Mooncake is a Chinese bakery product traditionally eaten during the Mid-Autumn Festival. Many types of fillings and crusts can be found in traditional mooncakes according to the region's culture. Now given the inventory amounts and the prices of all kinds of the mooncakes, together with the maximum total demand of the market, you are supposed to tell the maximum profit that can be made.

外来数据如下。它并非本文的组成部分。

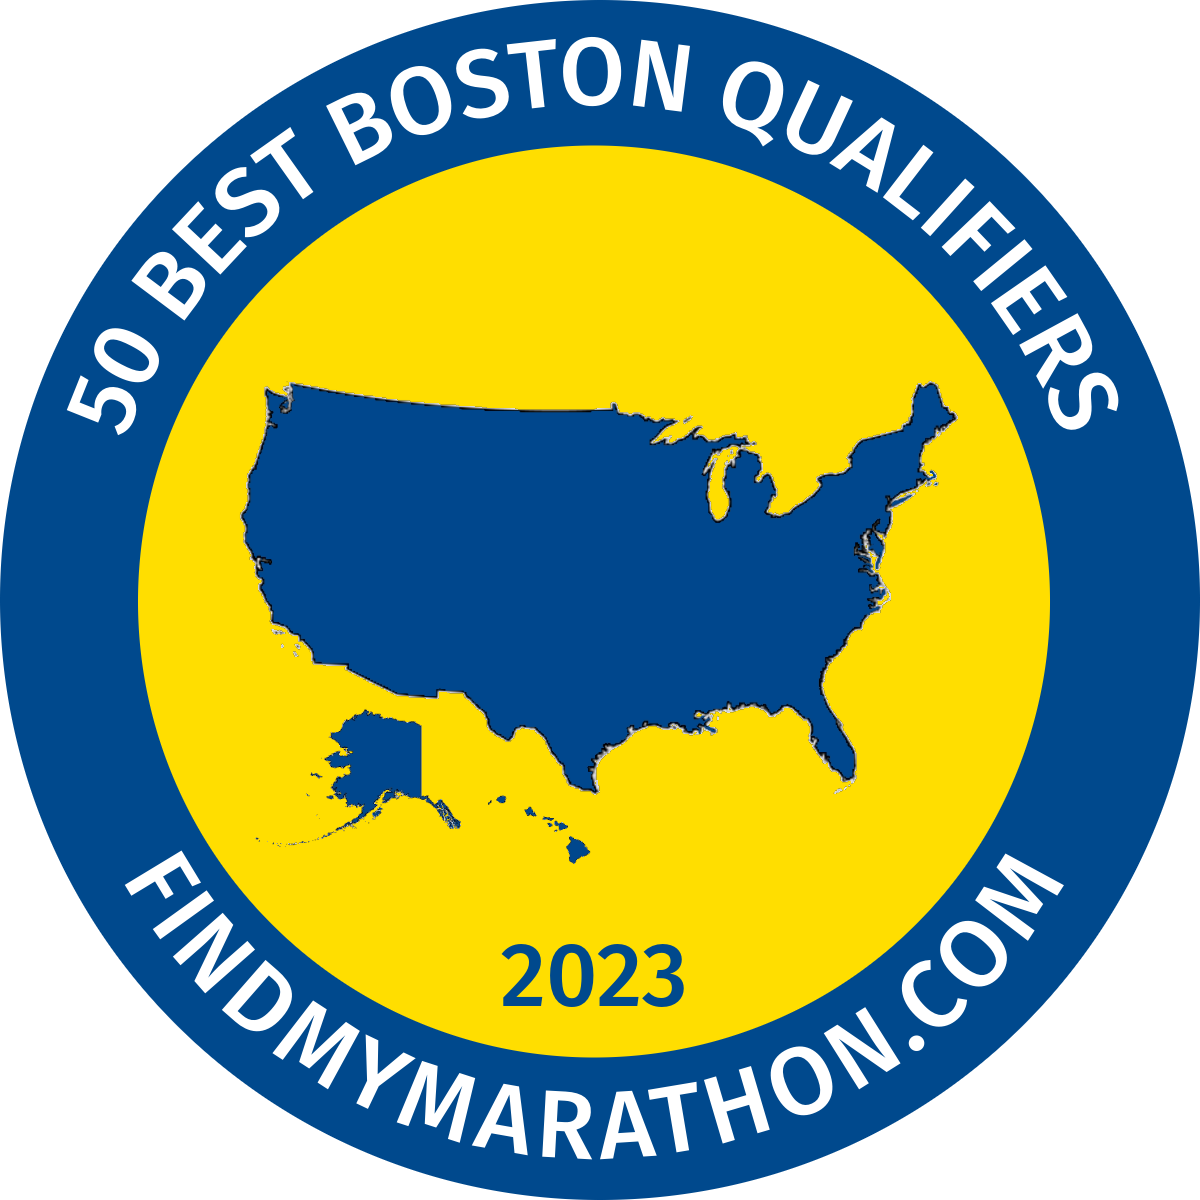 Top 50 Boston Qualifying Races of 2023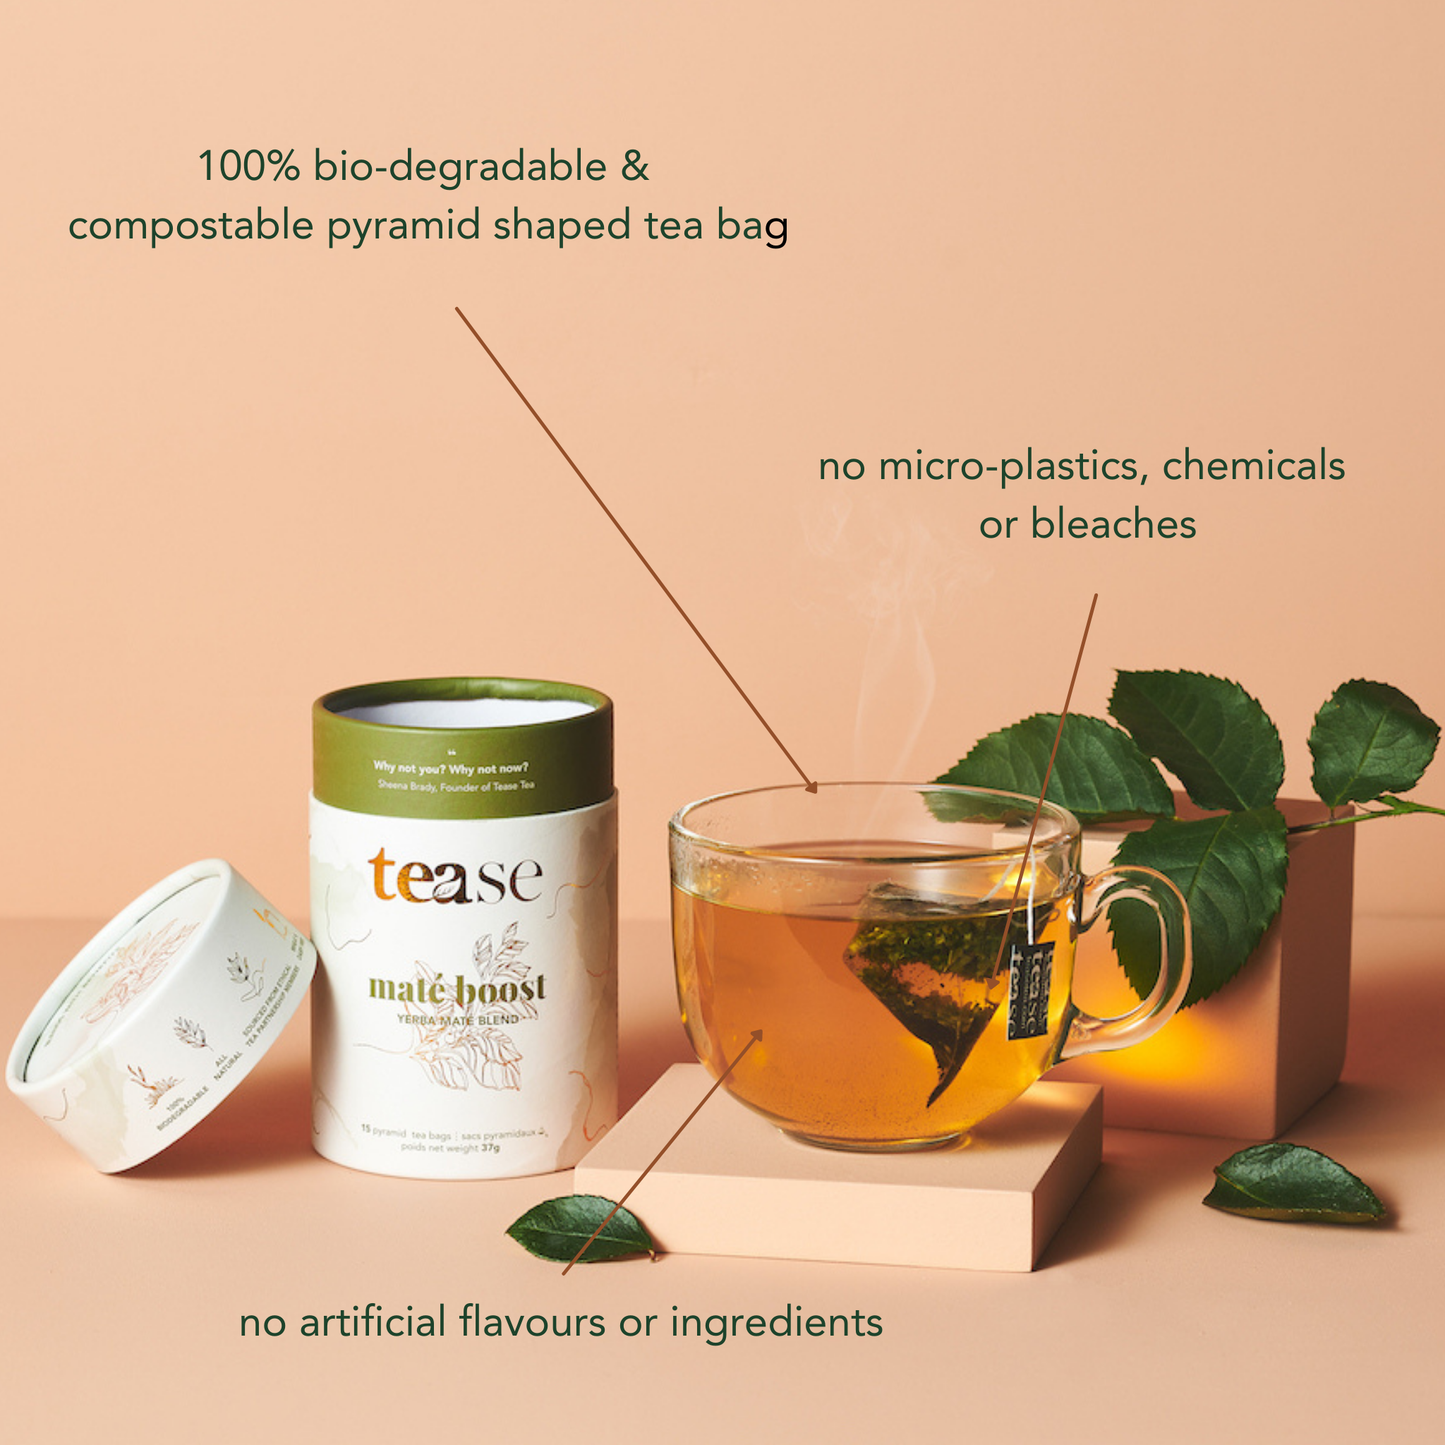 Self Care Elixir Moringa Adaptogenic Superfood Tea Blend

Note: partial inventory storage can be taken. The sample shows the following situation: given three kinds of mooncakes with inventory amounts being 180, 150, and 100 thousand tons, and the prices being 7.5, 7.2, and 4.5 billion yuans. If the market demand can be at most 200 thousand tons, the best we can do is to sell 150 thousand tons of the second kind of mooncake, and 50 thousand tons of the third kind. Hence the total profit is 7.2 + 4.5/2 = 9.45 (billion yuans).
月饼是在中秋节吃的一种中国烘焙产品。根据该地区的文化,传统月饼中可以找到许多种类的馅料和面包皮。现在,考虑到各种种类月饼的库存量和价格以及市场的最大需求量,你需要告诉能够获得的最大利润。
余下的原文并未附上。